* WHAT THIS TASK INVOLVES *
Please repeat, from the entries that follow, the lines from the one containing "HYS UHF 100" through the one containing "価値ダンス量でFrederic Malle Maruis" exactly, adding nothing.

* INFORMATION GIVEN *

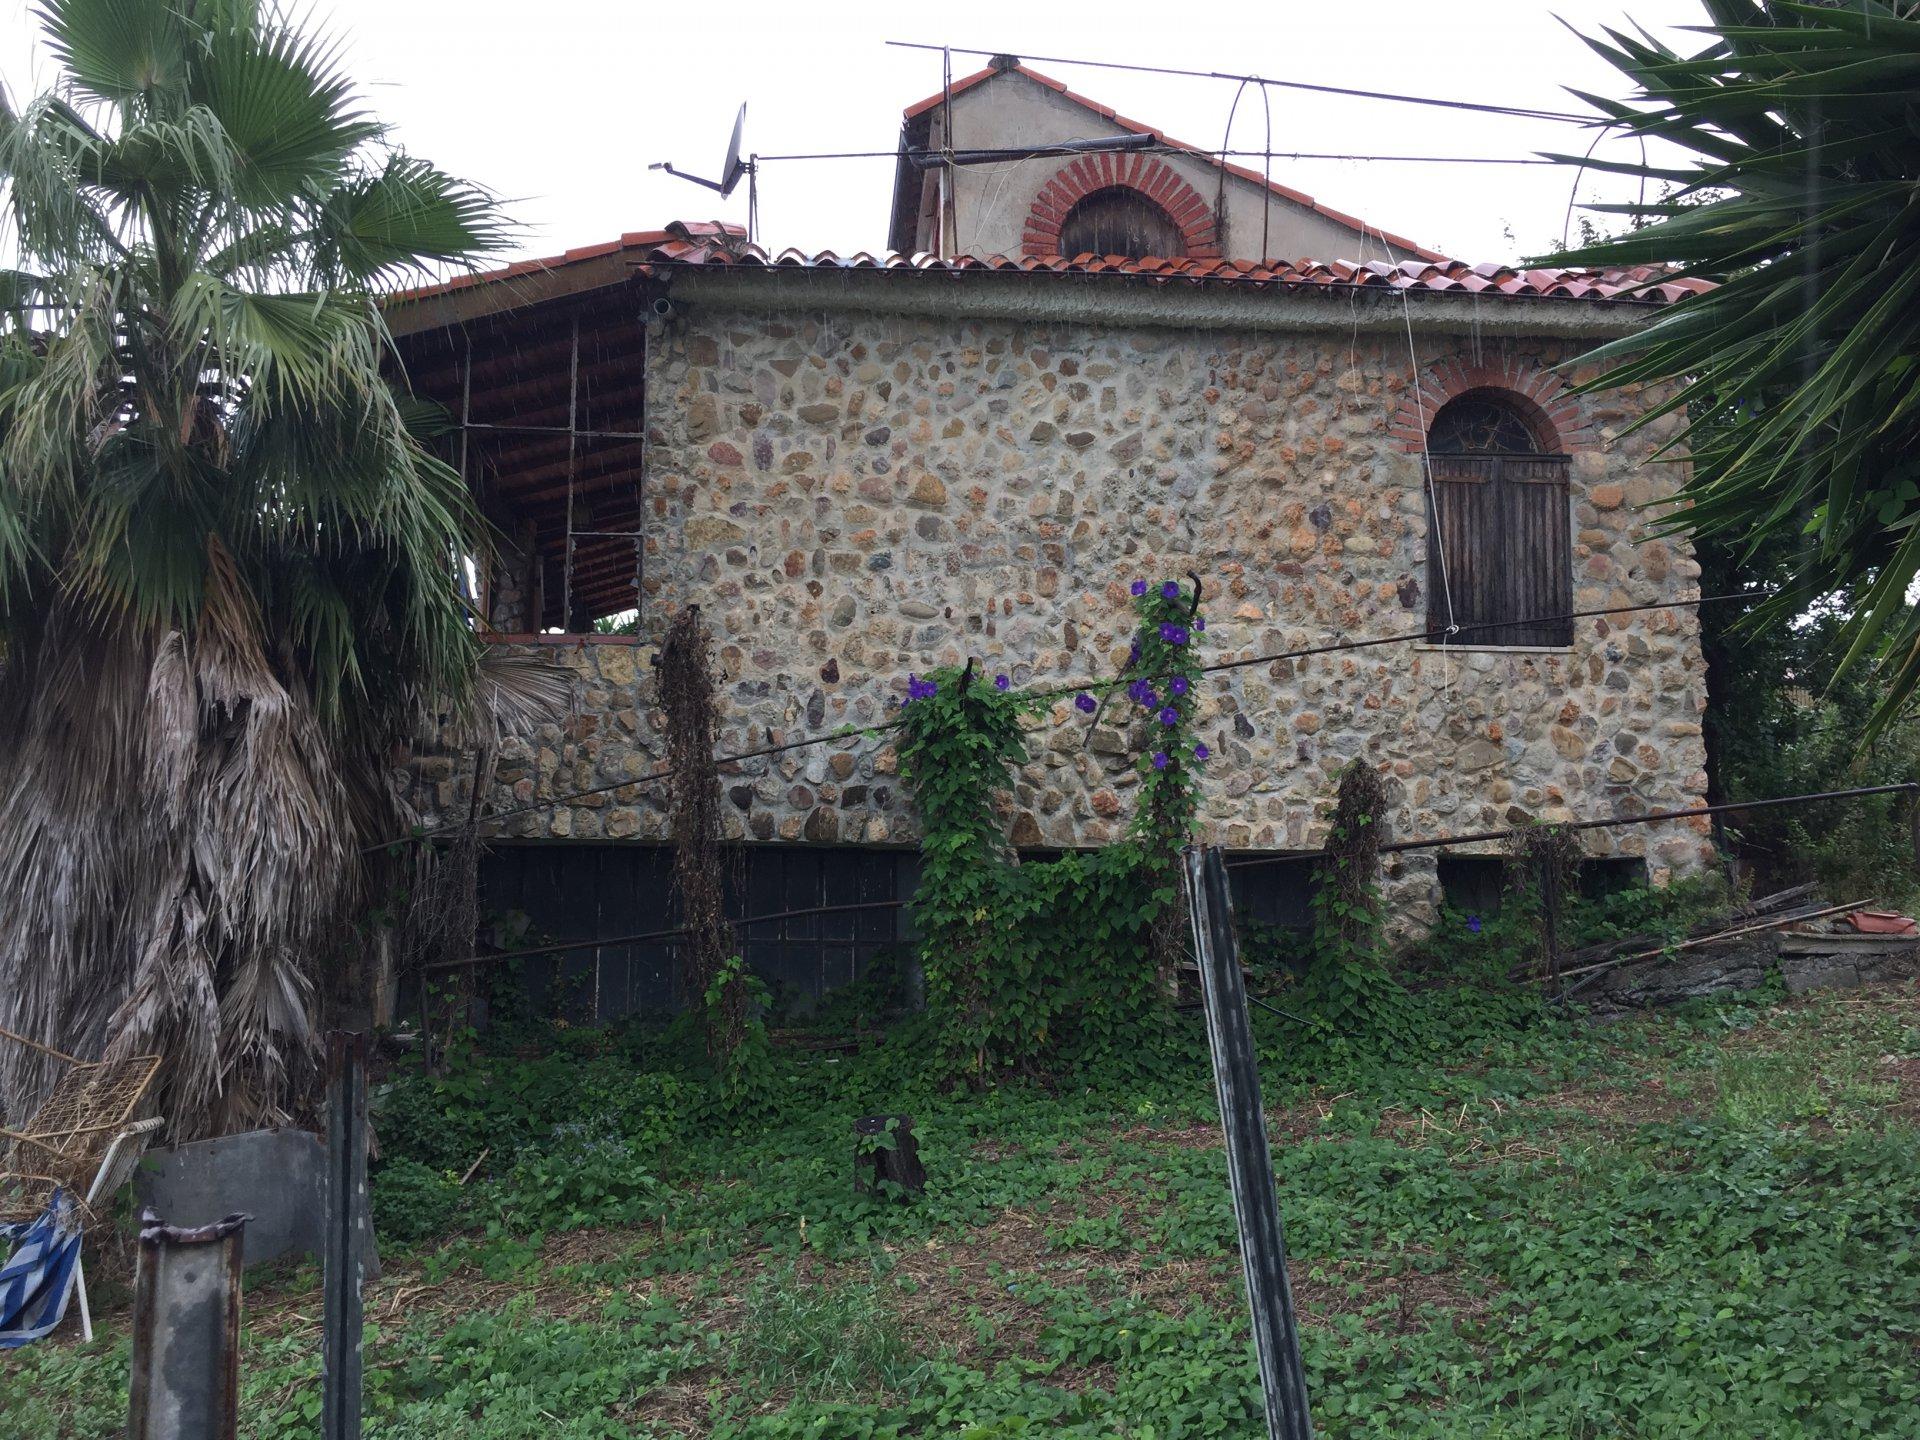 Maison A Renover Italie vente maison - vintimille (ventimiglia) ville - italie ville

--

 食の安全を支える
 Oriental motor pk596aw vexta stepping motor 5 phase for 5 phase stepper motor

...

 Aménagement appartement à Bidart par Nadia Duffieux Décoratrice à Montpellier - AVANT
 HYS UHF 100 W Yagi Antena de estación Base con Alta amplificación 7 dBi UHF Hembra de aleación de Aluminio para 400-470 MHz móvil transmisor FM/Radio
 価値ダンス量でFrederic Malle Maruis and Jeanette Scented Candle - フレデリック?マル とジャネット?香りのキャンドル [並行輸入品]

* THE COMPLETED TASK *
 HYS UHF 100 W Yagi Antena de estación Base con Alta amplificación 7 dBi UHF Hembra de aleación de Aluminio para 400-470 MHz móvil transmisor FM/Radio
 価値ダンス量でFrederic Malle Maruis and Jeanette Scented Candle - フレデリック?マル とジャネット?香りのキャンドル [並行輸入品]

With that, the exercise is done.